Gaia, Inc. Earnings Call Transcript – Monday May 3, 2021 2:30 P.M. Mountain Time
Participants from Management:
Jirka Rysavy, Chairman and CEO
Paul Tarell, CFO, Secretary, Office of President
Darren Aftahi, ROTH Capital Partners, LLC, Research Division
Eric Christian Wold, B. Riley Securities, Inc., Research Division
Mark Nicholas Argento, Lake Street Capital Markets, LLC, Research Division
Good afternoon, everyone, and thank you for participating in today's conference call to discuss Gaia, Inc.'s financial results for the first quarter ended March 31, 2021. Joining us today are Gaia's CEO, Jirka Rysavy; and CFO, Paul Tarell. [Operator Instructions]
Before we get started, however, I would like to take a minute to read the safe harbor language. The following constitutes the safe harbor statement under the Private Securities Litigation Reform Act of 1995. The matters discussed today include forward-looking statements that involve numerous assumptions, risks and uncertainties. These include, but are not limited to, general business conditions, historical losses, competition, changing consumer preferences, subscriber cost and retention rates, acquisitions, and other risks and uncertainties detailed from time to time in our filings with the Securities and Exchange Commission including our reports on Form 10-K and Form 10-Q. Gaia assumes no obligation to publicly update or revise any forward-looking statements.
With that, I would now like to turn the call over to Gaia's CEO, Jirka Rysavy. Please go ahead, sir.
Founder, Chairman & CEO
Thank you, and good afternoon, everyone. So 2021 is off to a great start. We continue to execute against our plan of consistently growing revenue, while generating positive net income and the cash flow. Revenues for the quarter increased 30% to $18.9 million as we crossed the 750,000-member milestone.
Gross margin increased to 87.1%. And even with the 30% growth of revenue, our operating expenses stayed flat in dollars, which obviously improved significantly as a percentage of revenue to 85% from 109% a year ago. This big improvement was driven by a 39% increase in the gross profit per employee to $531,000 from $382,000 a year ago.
EBITDA grew to $3.5 million or 19% of revenue from a loss during the year ago quarter. We generated net income of $358,000 or $0.02 per share, and cash flow from operations of $5.2 million. And Paul will talk more about these numbers.
CFO, Secretary & Office of President
Thanks, Jirka. Revenues for the first quarter increased 30% to $18.9 million, with gross margins also improving to 87.1%. This marks our fourth consecutive quarter of revenue growth over 20%, while generating positive EBITDA. We ended the quarter with 750,100 members, which keeps us on pace for our target revenue growth of 20+% percent for the year while maintaining profitability and positive cash flows.

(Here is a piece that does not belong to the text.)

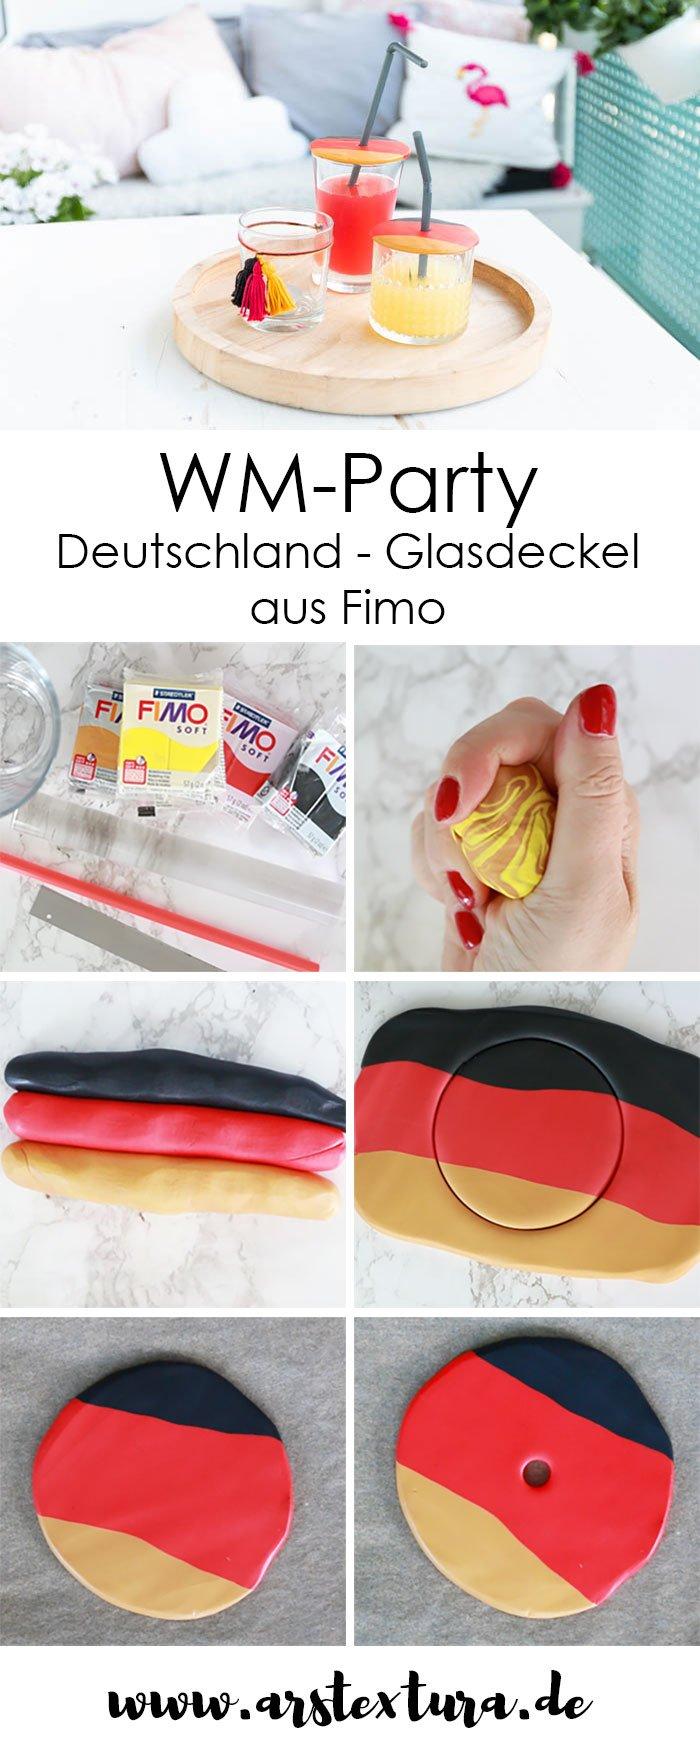 DIY Deutschland Glasdeckel in schwarz-rot-gold aus Fimo selber machen | der perfekte Insektenschutz für deine WM-Party | ars textura - DIY Blog
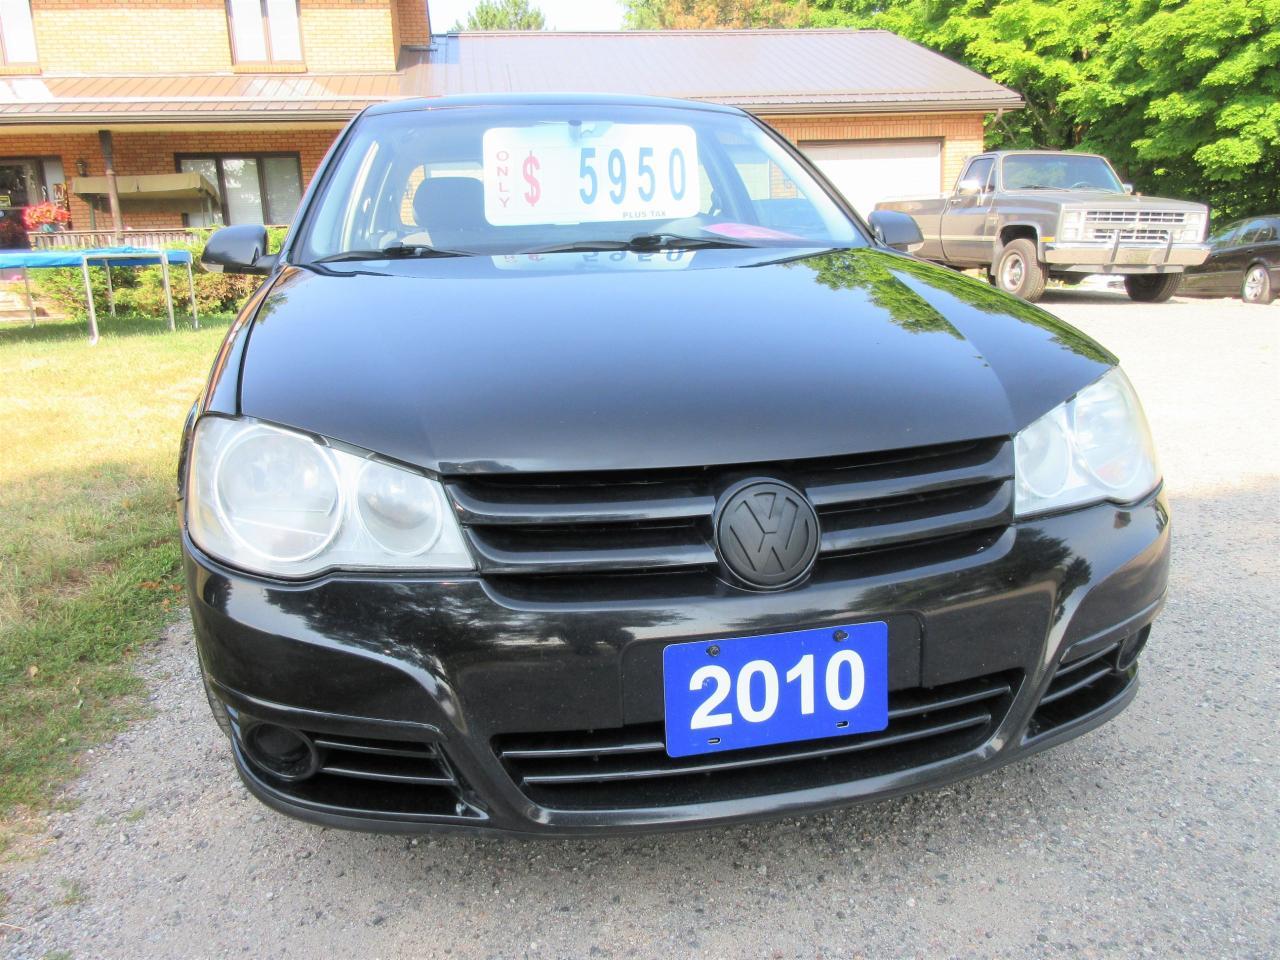 2010 Volkswagen City Golf

Beginning in October 2019, we experienced a shift in the initial plan selection for new members from 10% to 30% selecting the annual plan. Members on annual billing represent a core up-sell opportunity for our $299 premium live access annual plan, which we will now begin promoting more aggressively.
Total member acquisition costs during the quarter were $7.6 million or 40% of revenues, which was improved from 52% of revenues in the year ago quarter. We did see some relief during the quarter on the pricing in the digital advertising market, which allowed us to bring our per customer acquisition costs in line with the prior year quarter at $68.
We recently hired our new SVP of Sales to build up on the recent early traction in our member-driven growth initiatives. She will be focused on growing our member ambassador sales team to go after our sizable global market opportunity.
Selling and operating expenses, excluding marketing and member acquisition costs in the first quarter were $7.0 million or 37% of revenues, which improved from 47% of revenues in the year ago quarter. Corporate and G&A expenses in the first quarter were $1.5 million, in line with the year ago quarter.
EBITDA improved to $3.5 million or 19% of revenues in the quarter from negative $0.2 million or negative 2% of revenues in the year ago quarter. This marks our fourth consecutive quarter of generating positive EBITDA and puts us on an annualized EBITDA run rate of $14+ million, which is almost double the full year 2020 EBITDA.
We generated net income of $0.4 million or $0.02 per share during the first quarter of 2021, which is an improvement of $4 million from a net loss of $3.6 million or $0.19 a share in the prior year quarter. This increase reflects the fact that most of the incremental gross profit generated in the first quarter of 2021 compared to the prior year quarter flowed through to net income.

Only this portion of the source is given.